:: SOURCE DATA
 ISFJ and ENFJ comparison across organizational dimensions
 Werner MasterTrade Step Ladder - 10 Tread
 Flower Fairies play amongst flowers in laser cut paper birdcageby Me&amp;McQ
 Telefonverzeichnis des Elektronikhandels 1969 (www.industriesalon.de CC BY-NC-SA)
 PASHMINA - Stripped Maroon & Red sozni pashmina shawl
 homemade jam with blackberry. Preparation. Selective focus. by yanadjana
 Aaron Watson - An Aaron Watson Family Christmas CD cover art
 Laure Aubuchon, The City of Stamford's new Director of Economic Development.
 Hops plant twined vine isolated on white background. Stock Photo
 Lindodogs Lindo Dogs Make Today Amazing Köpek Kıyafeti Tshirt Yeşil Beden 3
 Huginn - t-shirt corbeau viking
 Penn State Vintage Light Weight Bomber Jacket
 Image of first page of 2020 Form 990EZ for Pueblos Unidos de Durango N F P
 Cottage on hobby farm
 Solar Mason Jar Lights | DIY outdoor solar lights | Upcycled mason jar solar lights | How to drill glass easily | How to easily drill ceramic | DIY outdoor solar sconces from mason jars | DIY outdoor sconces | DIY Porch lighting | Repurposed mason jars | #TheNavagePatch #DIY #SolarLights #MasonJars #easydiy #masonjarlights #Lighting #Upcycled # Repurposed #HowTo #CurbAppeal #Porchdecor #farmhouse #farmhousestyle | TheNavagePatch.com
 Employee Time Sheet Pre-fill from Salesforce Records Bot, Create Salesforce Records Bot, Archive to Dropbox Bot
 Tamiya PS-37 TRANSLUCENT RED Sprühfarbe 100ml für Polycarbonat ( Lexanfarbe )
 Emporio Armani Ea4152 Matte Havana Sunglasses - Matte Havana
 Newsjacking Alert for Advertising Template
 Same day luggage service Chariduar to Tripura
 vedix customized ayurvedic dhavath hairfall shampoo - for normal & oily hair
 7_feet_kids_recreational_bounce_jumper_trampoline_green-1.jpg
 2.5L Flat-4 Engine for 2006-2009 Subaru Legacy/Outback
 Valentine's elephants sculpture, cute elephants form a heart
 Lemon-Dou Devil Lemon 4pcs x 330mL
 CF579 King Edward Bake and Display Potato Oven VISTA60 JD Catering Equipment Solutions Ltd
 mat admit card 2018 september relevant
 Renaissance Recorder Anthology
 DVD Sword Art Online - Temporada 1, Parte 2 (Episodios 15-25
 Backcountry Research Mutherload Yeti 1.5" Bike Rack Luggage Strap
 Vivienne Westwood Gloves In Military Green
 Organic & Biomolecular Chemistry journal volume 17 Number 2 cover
::::
# EXERCISE
Please, from the material above, copy only the lines from the line with "homemade jam with" up to and including the line with "Penn State Vintage", exactly as written.

# ANSWER SECTION
 homemade jam with blackberry. Preparation. Selective focus. by yanadjana
 Aaron Watson - An Aaron Watson Family Christmas CD cover art
 Laure Aubuchon, The City of Stamford's new Director of Economic Development.
 Hops plant twined vine isolated on white background. Stock Photo
 Lindodogs Lindo Dogs Make Today Amazing Köpek Kıyafeti Tshirt Yeşil Beden 3
 Huginn - t-shirt corbeau viking
 Penn State Vintage Light Weight Bomber Jacket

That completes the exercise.